Department of Genetics, Sanjay Gandhi Post Graduate Institute of Medical Sciences, Raebareli road, Lucknow, 226 014, India.
Mol Diagn Ther. 2013 Dec;17(6):371-9. doi: 10.1007/s40291-013-0045-4.
Chemotherapeutic drug treatment outcomes are genetically determined. Polymorphisms in genes encoding phase II drug metabolizing enzyme glutathione-S-transferase (GST) can possibly predict treatment outcomes, and can be of prognostic significance in breast cancer patients. The aim of this study was to determine the role of genetic variations in GST in predicting response to, and toxicity of, anthracycline-based chemotherapy in breast cancer patients.
Two hundred and seven patients treated with anthracycline-based chemotherapy were genotyped for GSTM1 and GSTT1 deletion polymorphisms, and GSTP1 Ile105Val (rs1695), by polymerase chain reaction (PCR)/ PCR-restriction fragment length polymorphism (RFLP). Genetic variations were correlated with tumor response to neo-adjuvant chemotherapy (NACT) in 100 patients, and with chemo-toxicity in 207 who received adjuvant chemotherapy or NACT, using Chi-square and logistic regression. Higher order gene-gene interactions with treatment outcomes were characterized by multifactor dimensionality reduction (MDR) analysis.
In single-locus analysis, Ile/Val and Ile/Val+Val/Val genotypes of the GSTP1 Ile105Val (rs1695) polymorphism reached statistical significance with grade 2-4 anemia (P=0.019, P=0.027).
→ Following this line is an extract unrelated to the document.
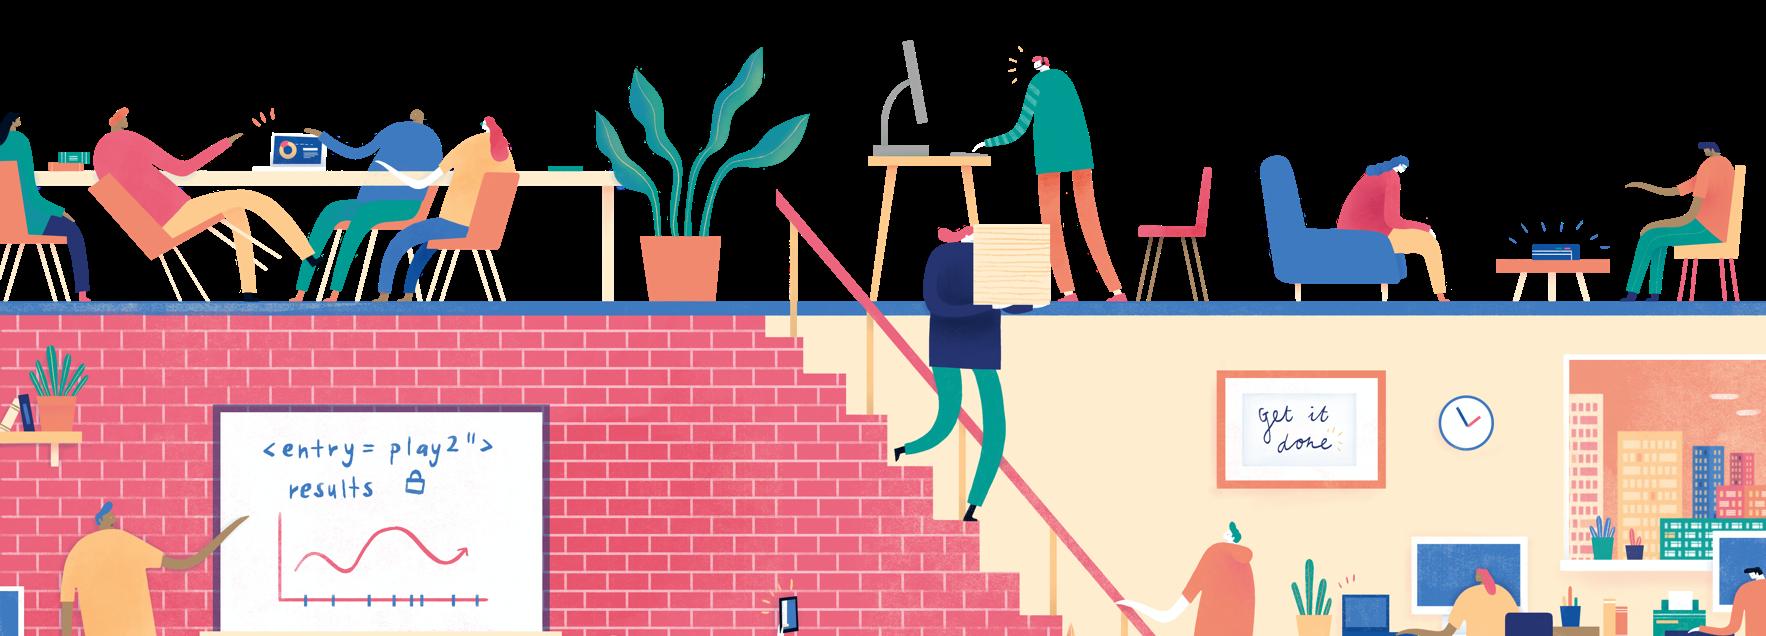 Increment illustration

On performing gene-gene interaction analysis, GSTM1 null-GSTP1 Ile/Val was significantly associated with response to NACT (P=0.032). On evaluating higher order gene-gene interaction models by MDR analysis, GSTM1 and GSTP1 Ile105Val; GSTM1 and GSTT1; and GSTT1 and GSTP1 Ile105Val showed significant association with treatment response, grade 2-4 anemia, and dose delay/reduction due to neutropenia (P=0.046, P=0.027, P=0.026), respectively.
Multi-analytical strategies may serve as a better tool for characterization of pharmacogenetic-based breast cancer treatment outcomes.
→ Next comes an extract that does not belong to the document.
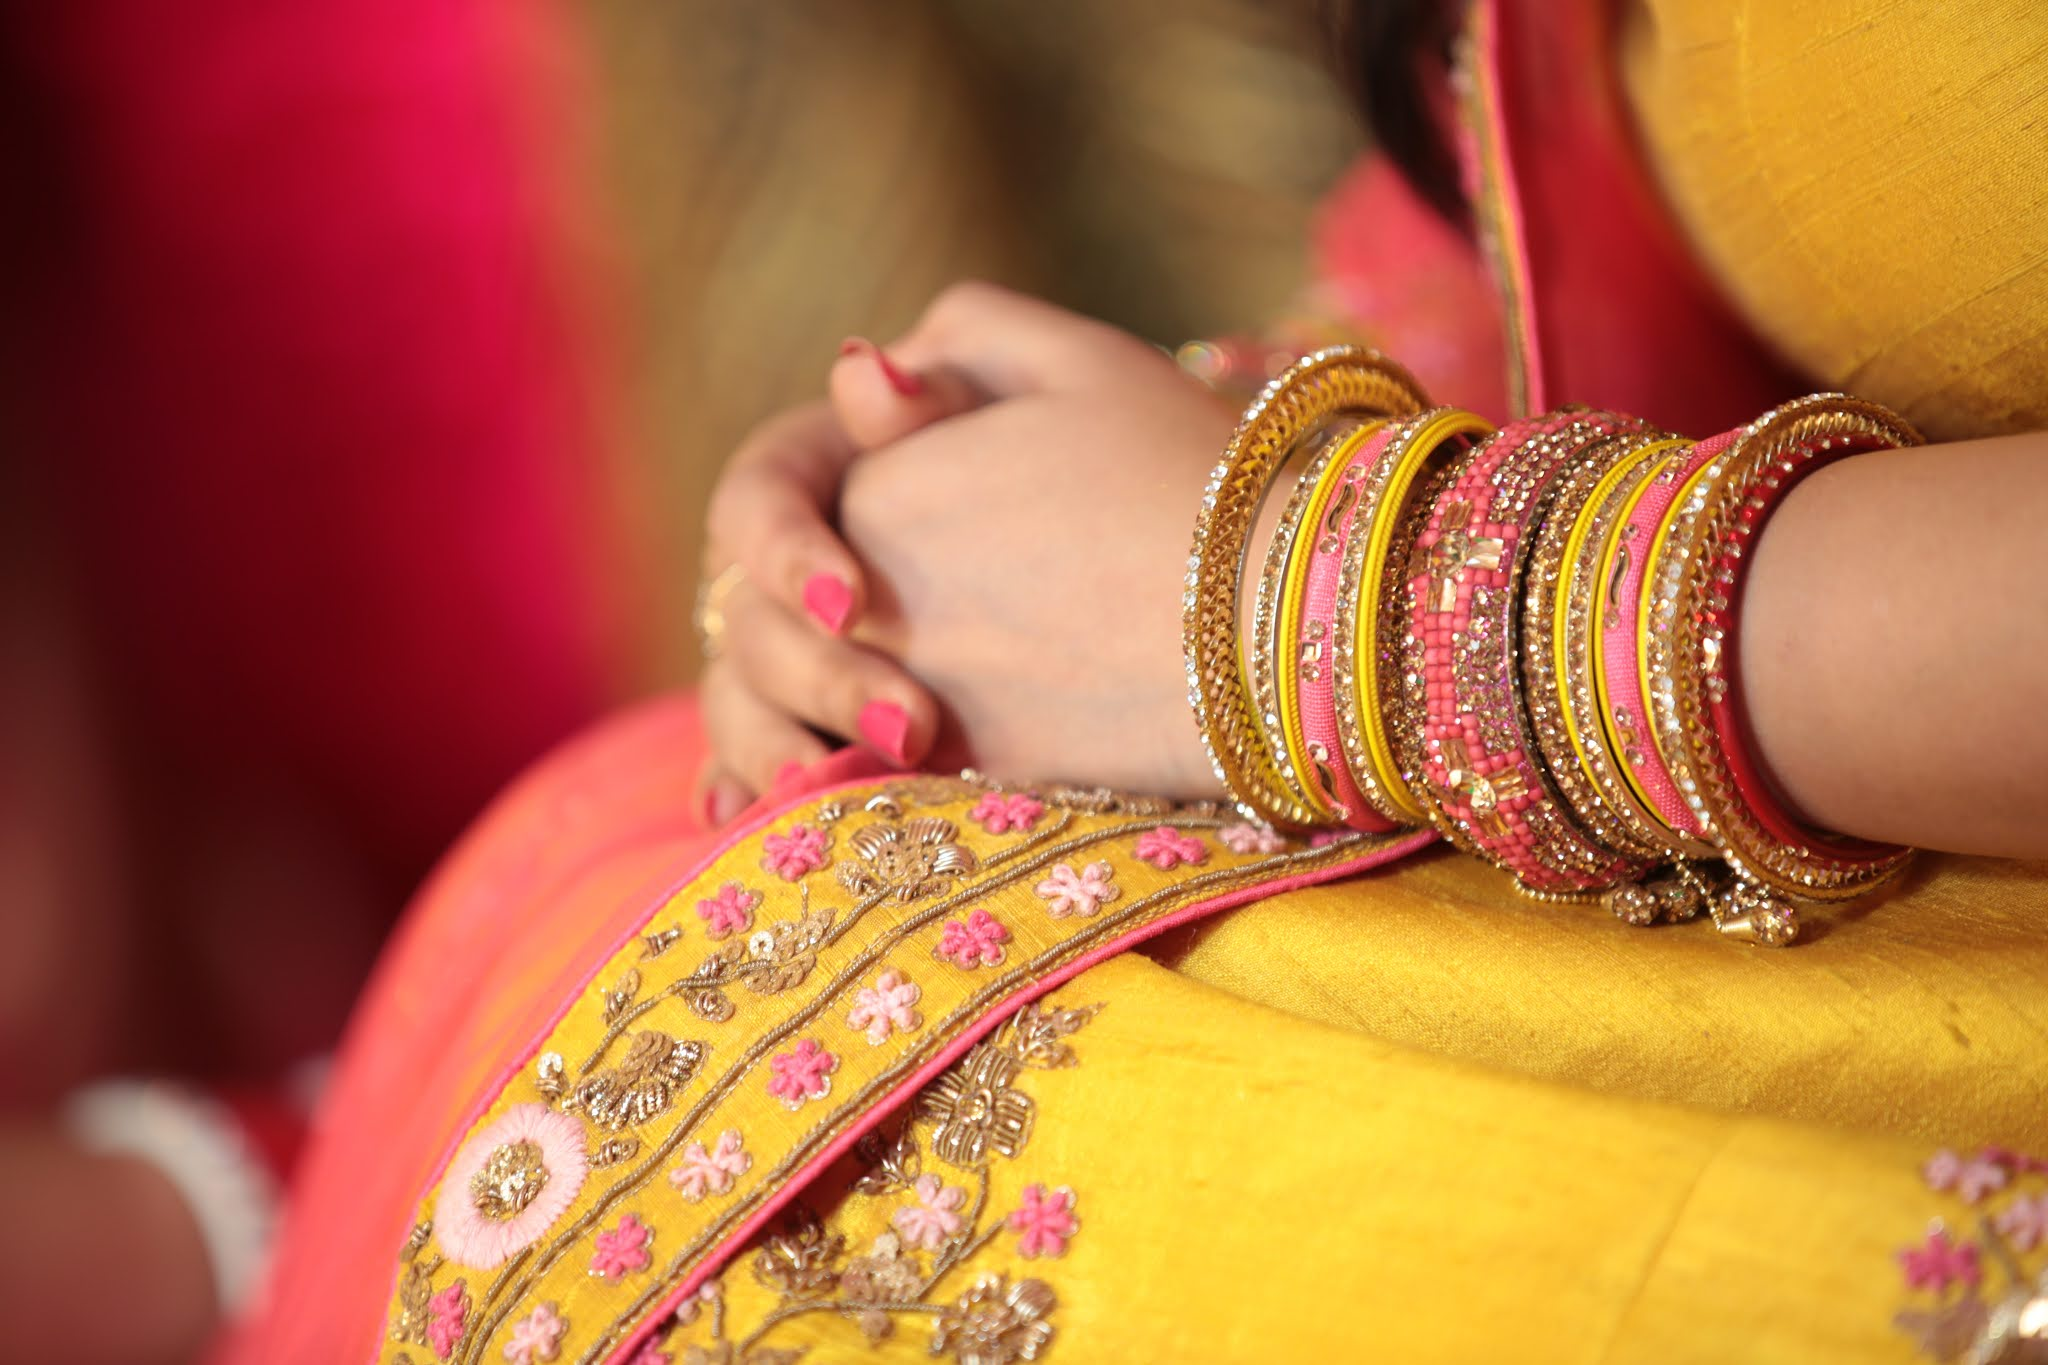 Why do Indian women wear bangles?

化疗药物的治疗效果是由基因决定的。编码Ⅱ相药物代谢酶谷胱甘肽-S-转移酶(GST)的基因多态性可能预测治疗效果,并可能对乳腺癌患者具有预后意义。本研究旨在确定 GST 基因多态性在预测乳腺癌患者接受基于蒽环类药物化疗的反应和毒性方面的作用。
采用聚合酶链反应(PCR)/PCR 限制性片段长度多态性(RFLP)方法,对 207 例接受基于蒽环类药物化疗的患者进行 GSTM1 和 GSTT1 缺失多态性及 GSTP1 Ile105Val(rs1695)的基因分型。采用卡方检验和逻辑回归分析,将遗传变异与 100 例新辅助化疗(NACT)患者的肿瘤反应相关联,与 207 例接受辅助化疗或 NACT 的患者的化疗毒性相关联。采用多因素维度缩减(MDR)分析方法,对与治疗效果相关的更高阶基因-基因相互作用进行特征描述。
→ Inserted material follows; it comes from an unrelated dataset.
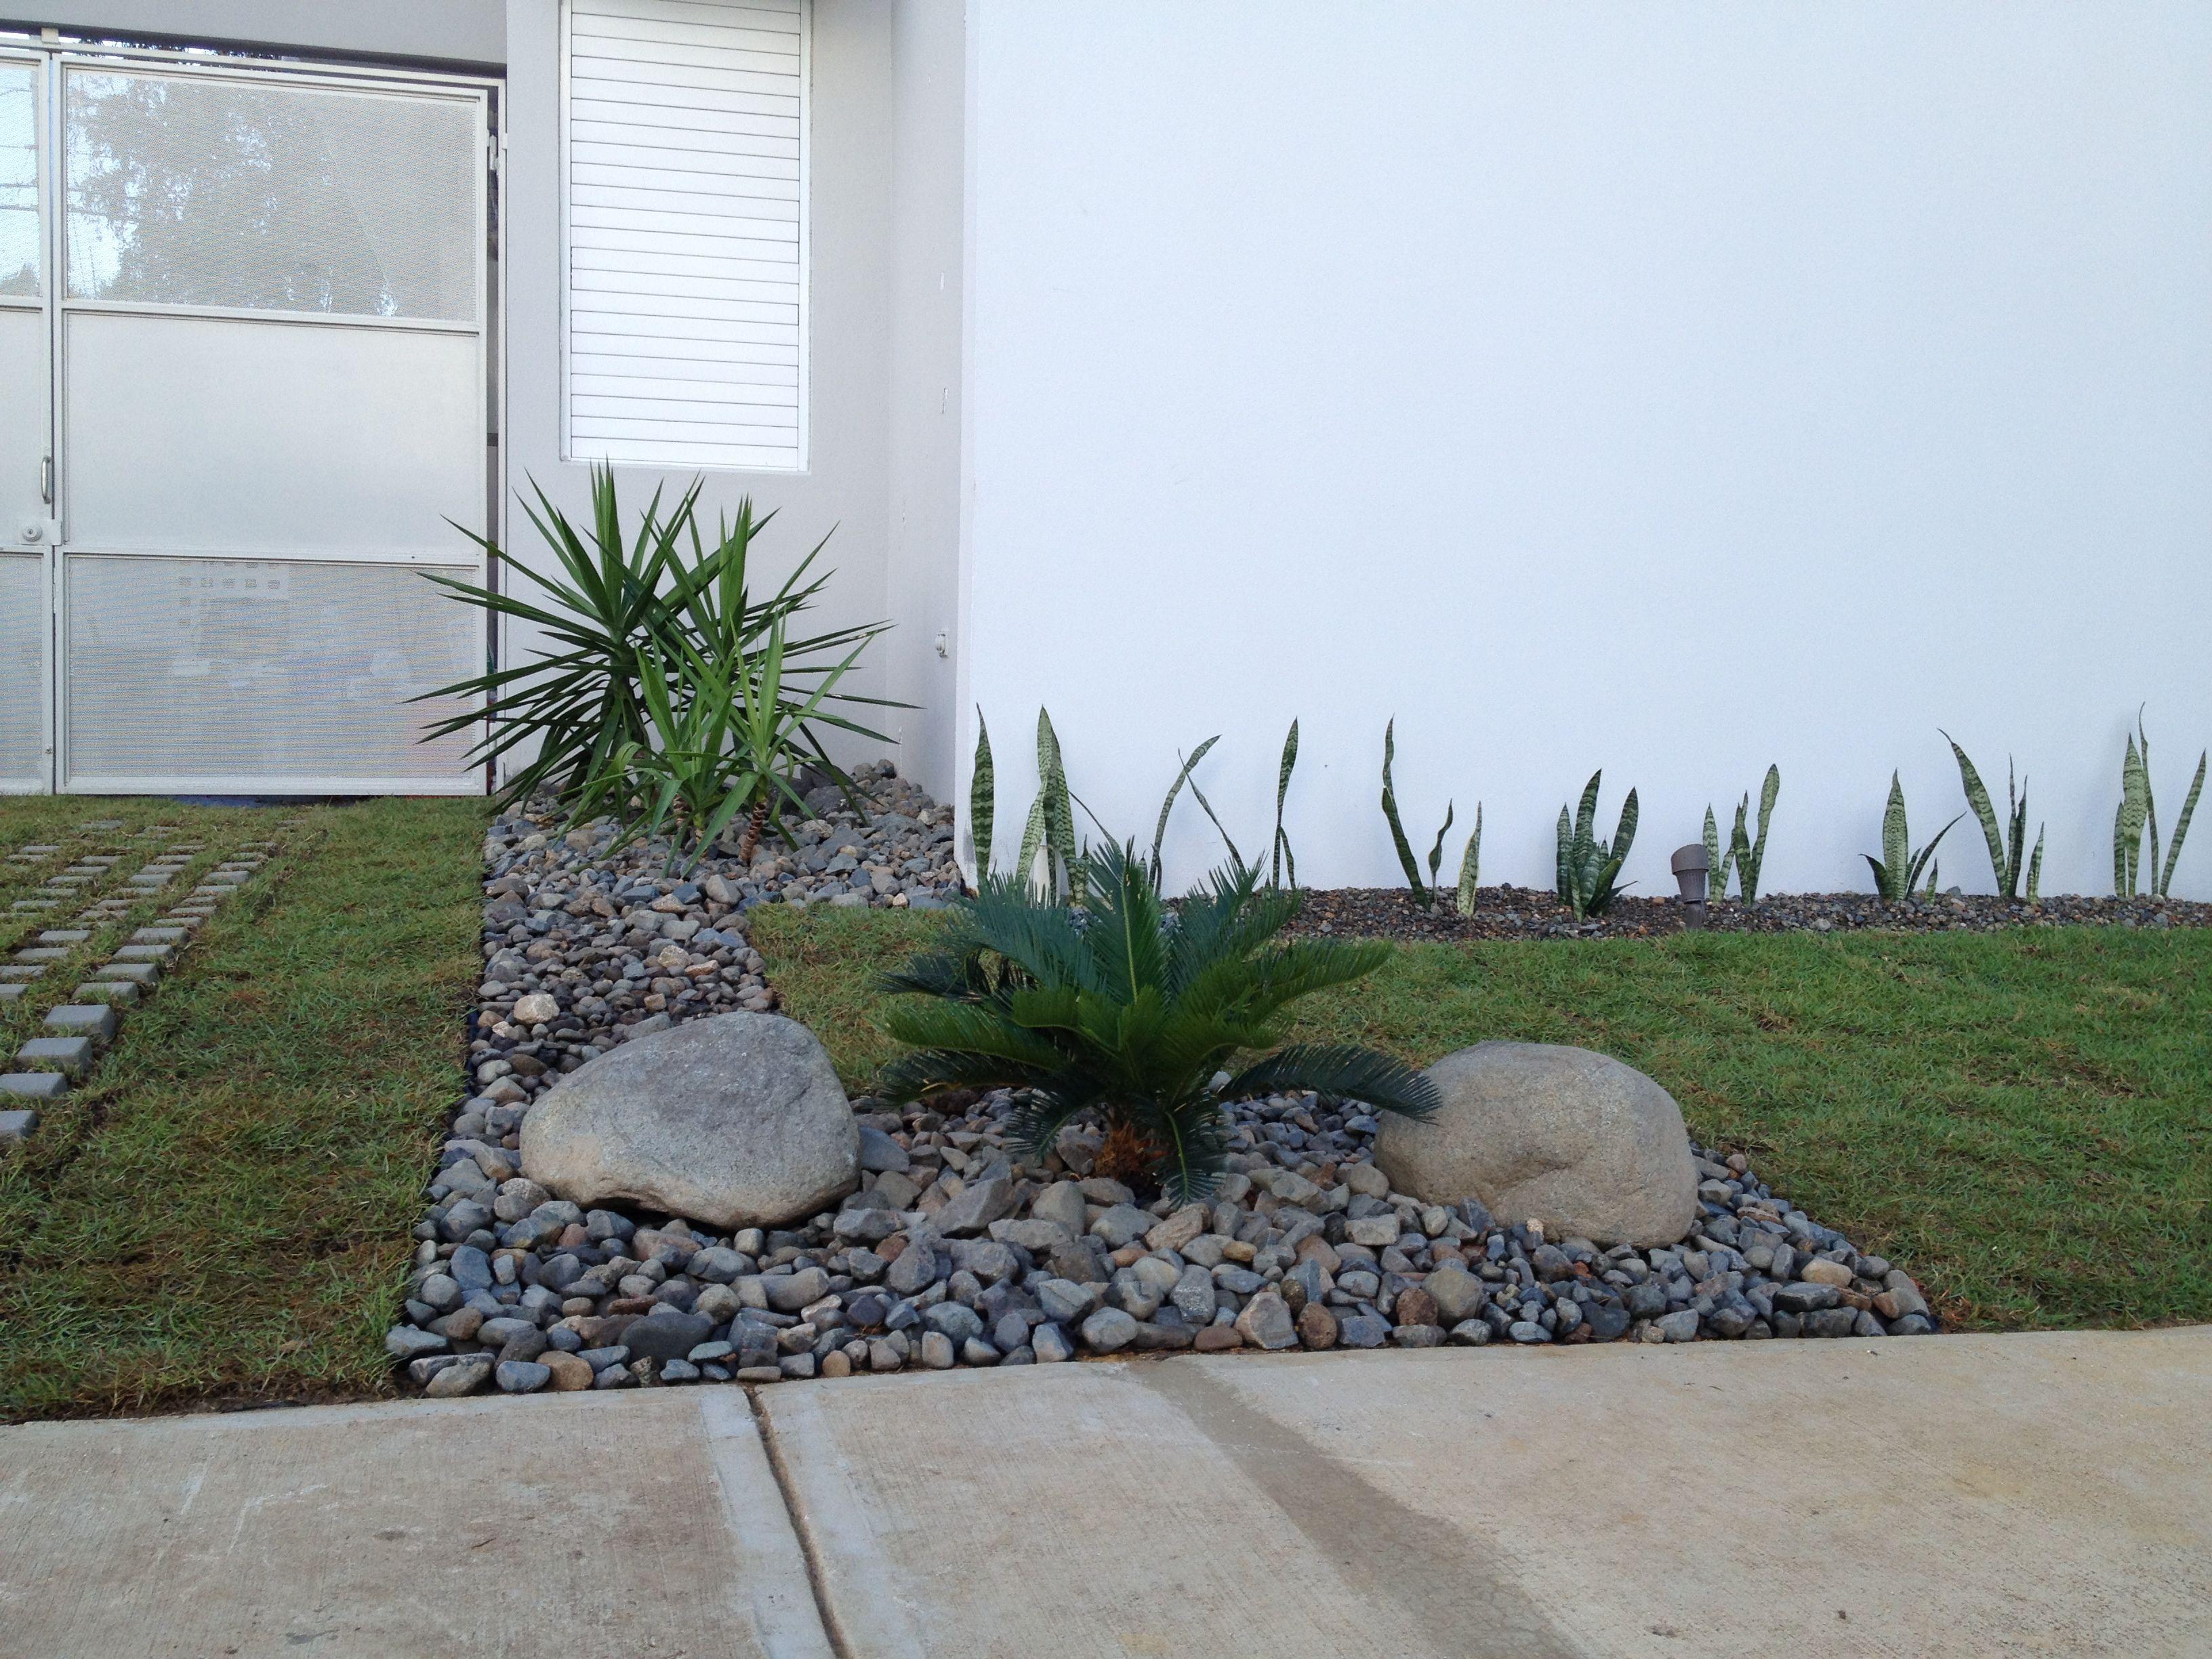 Jardin moderno garden irrigation pr en facebook garden for Jardines modernos

在单基因座分析中,GSTP1 Ile105Val(rs1695)多态性的 Ile/Val 和 Ile/Val+Val/Val 基因型与 2-4 级贫血达到统计学显著性(P=0.019,P=0.027)。在进行基因-基因相互作用分析时,GSTM1 缺失-GSTP1 Ile/Val 与 NACT 反应显著相关(P=0.032)。通过 MDR 分析评价更高阶基因-基因相互作用模型,GSTM1 和 GSTP1 Ile105Val;GSTM1 和 GSTT1;以及 GSTT1 和 GSTP1 Ile105Val 与治疗反应、2-4 级贫血以及因中性粒细胞减少而导致的剂量延迟/减少显著相关(P=0.046,P=0.027,P=0.026)。
多分析策略可能是一种更好的工具,用于描述基于遗传药理学的乳腺癌治疗效果。